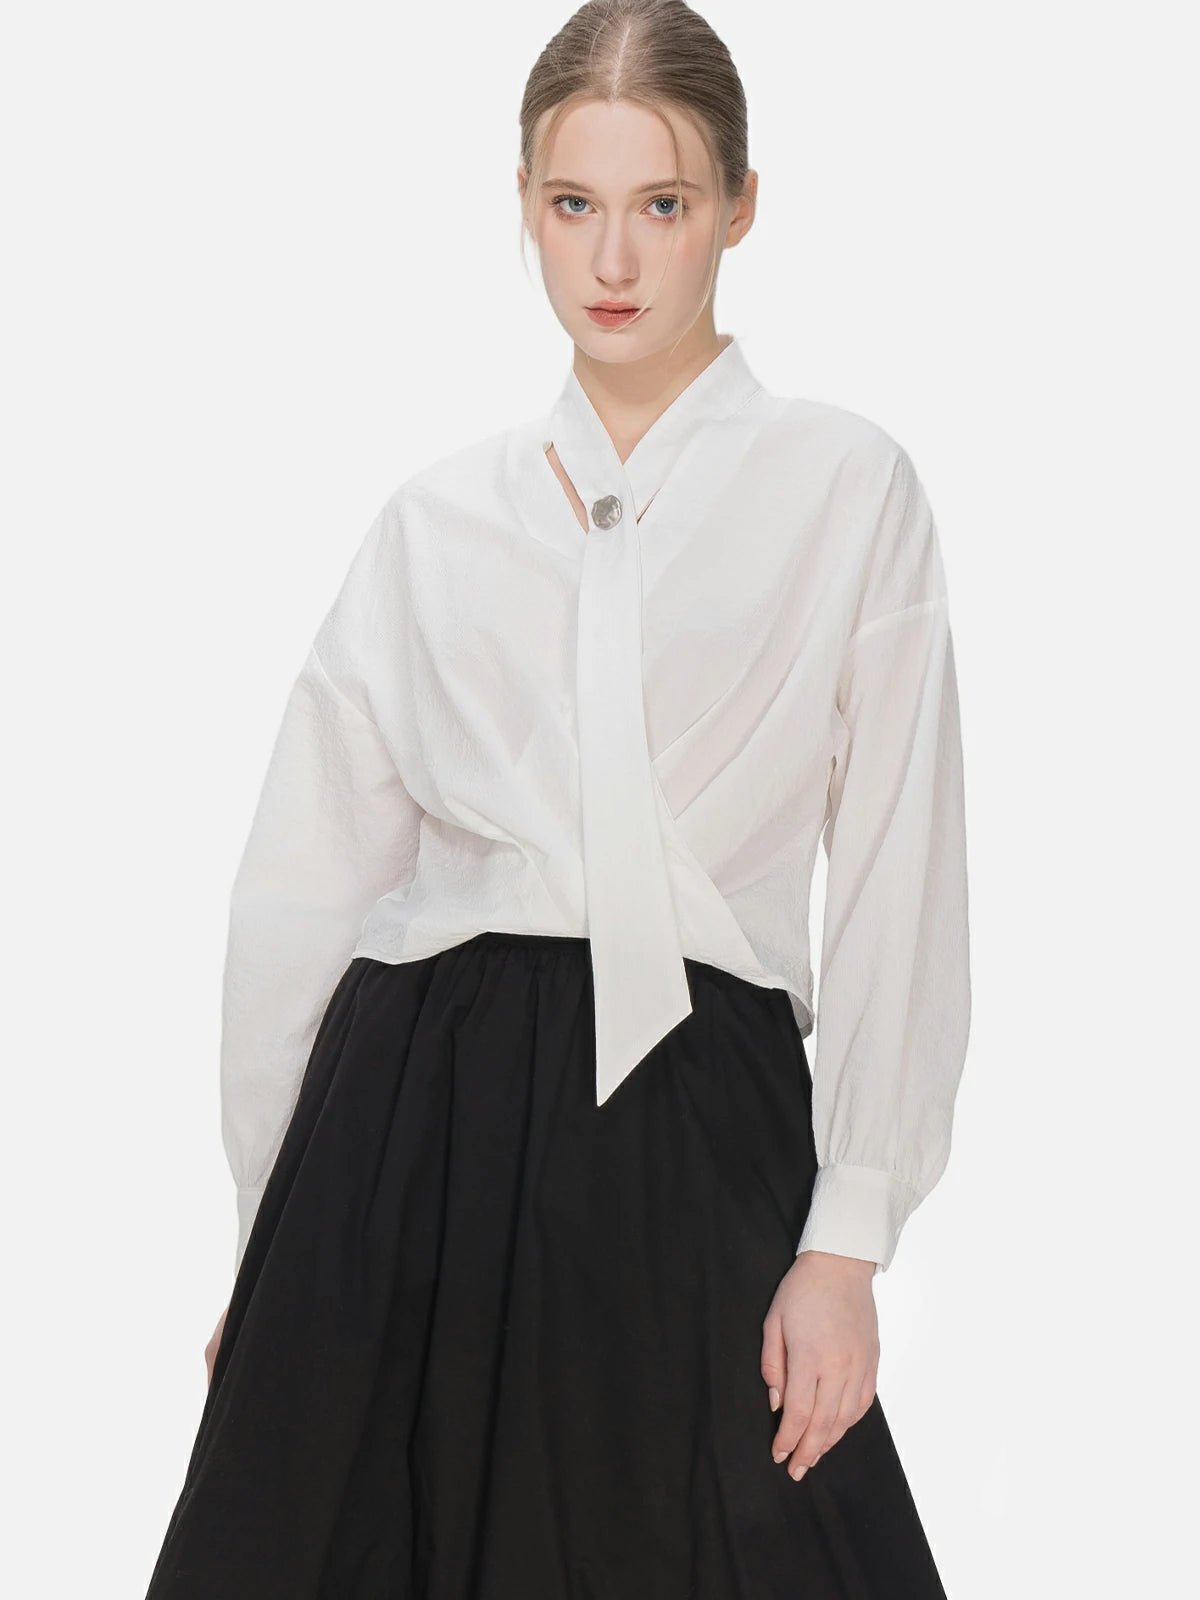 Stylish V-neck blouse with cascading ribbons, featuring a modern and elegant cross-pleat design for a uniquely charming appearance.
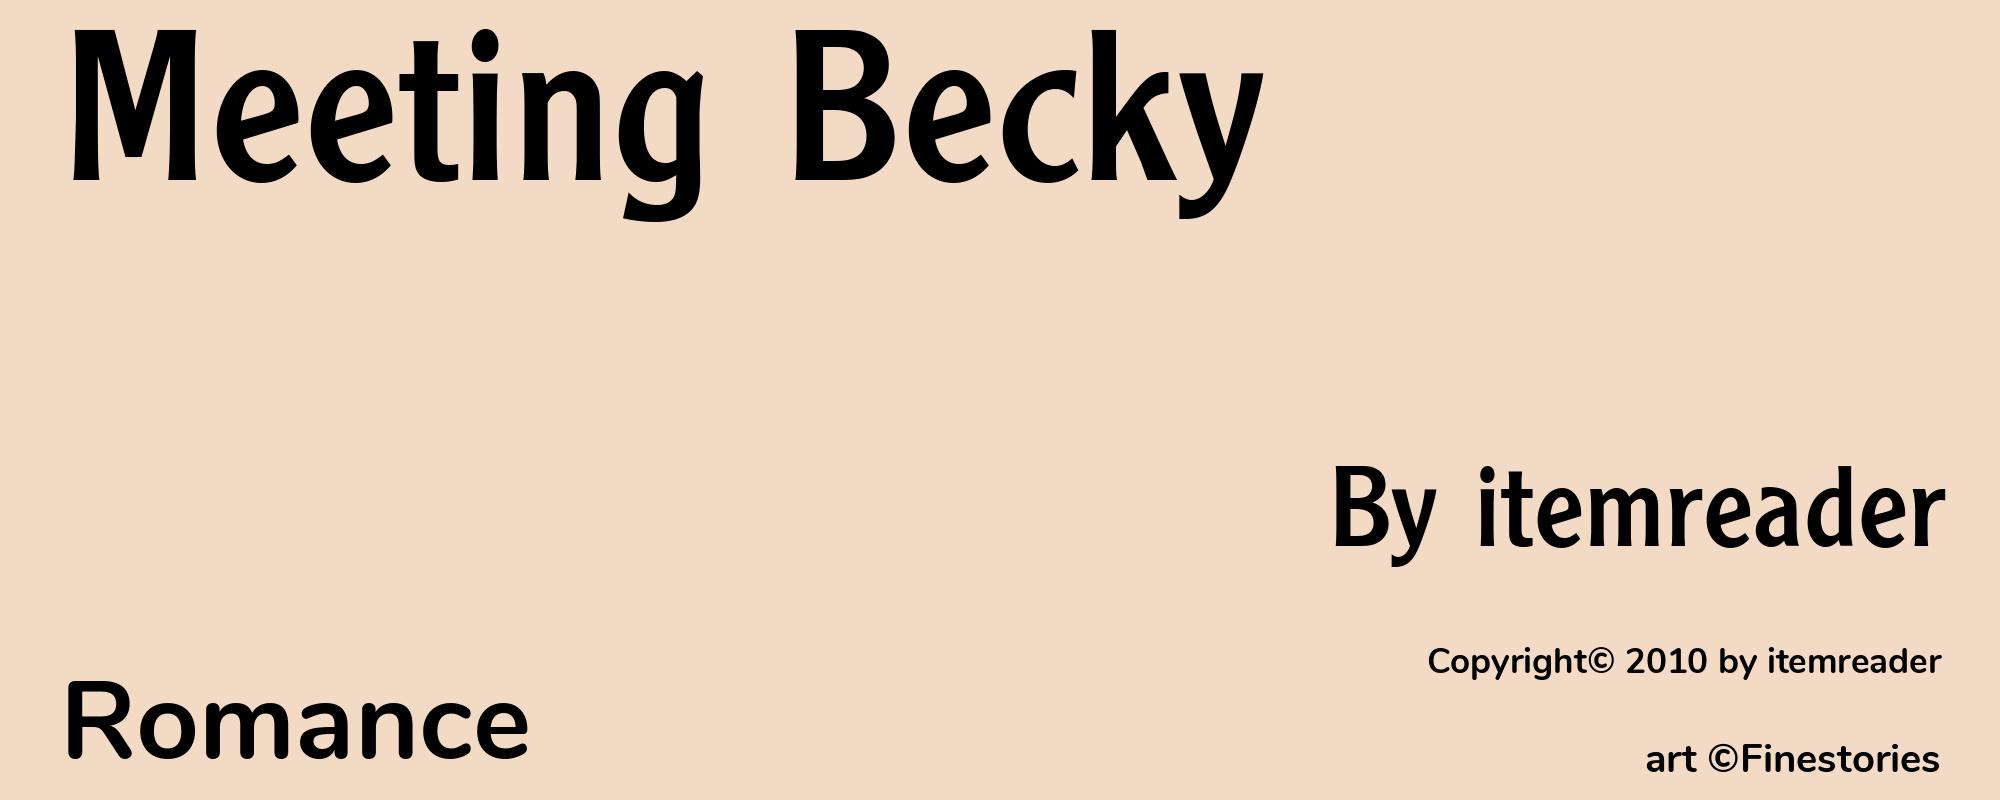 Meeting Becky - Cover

--

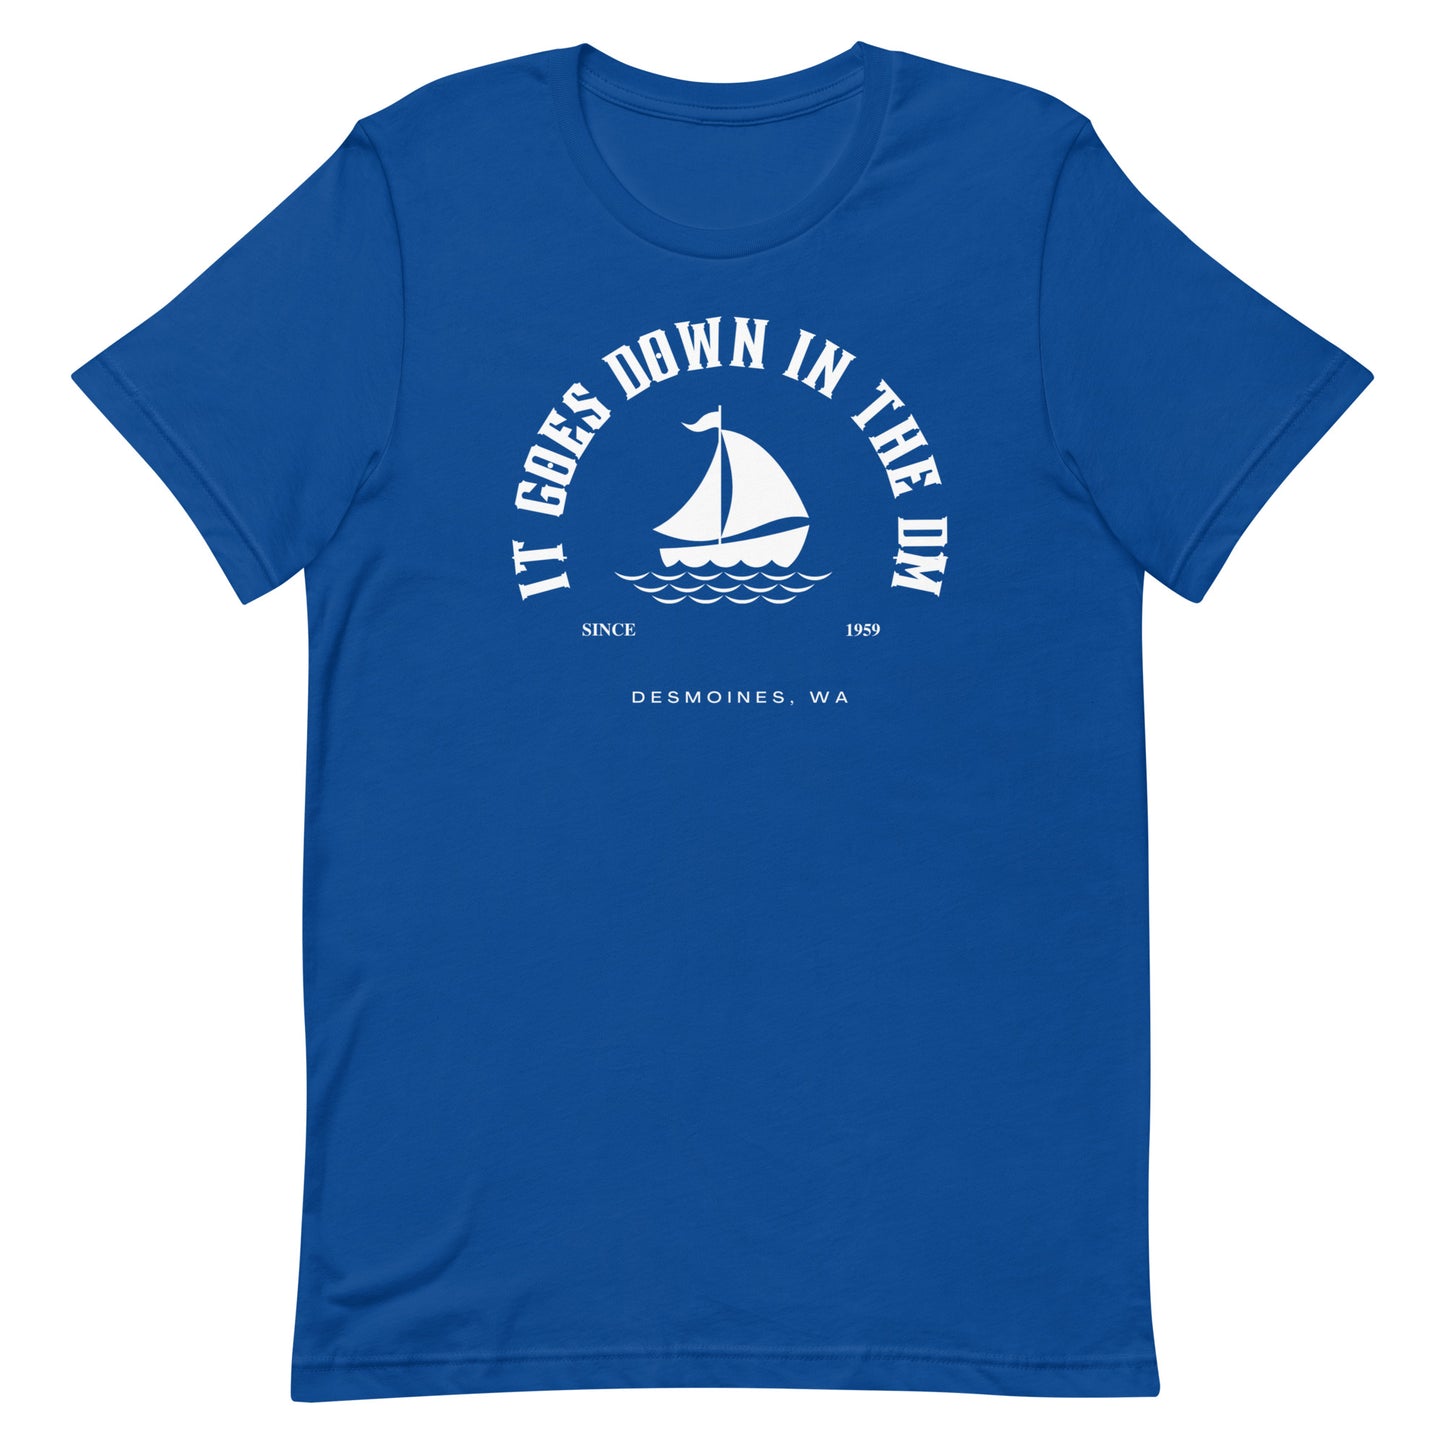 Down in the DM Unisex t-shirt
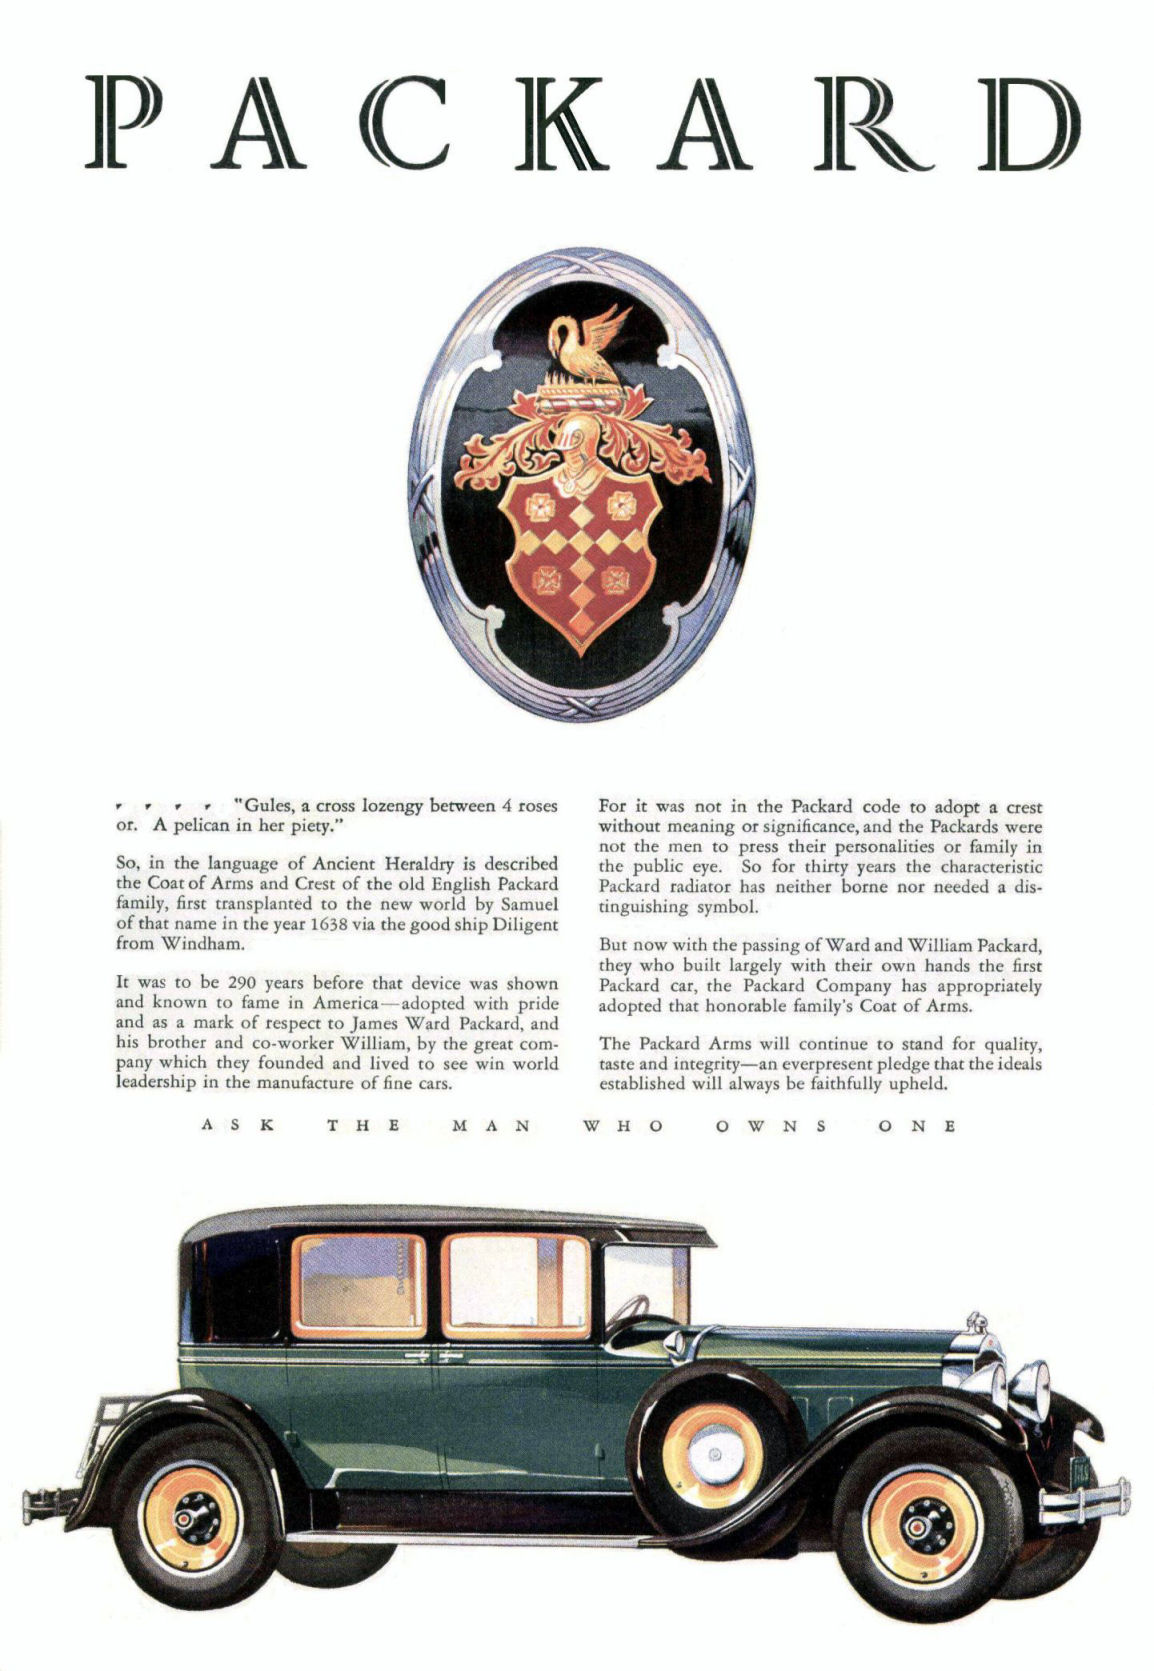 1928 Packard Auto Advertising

#### Assigned task
Reproduce, word for word, everything in the listing above from the line containing "Down in the DM Unisex t-shirt" down to the line containing "1928 Packard Auto Advertising", both of them included. No pictures.

#### Problem solution
 Down in the DM Unisex t-shirt
 1928 Packard Auto Advertising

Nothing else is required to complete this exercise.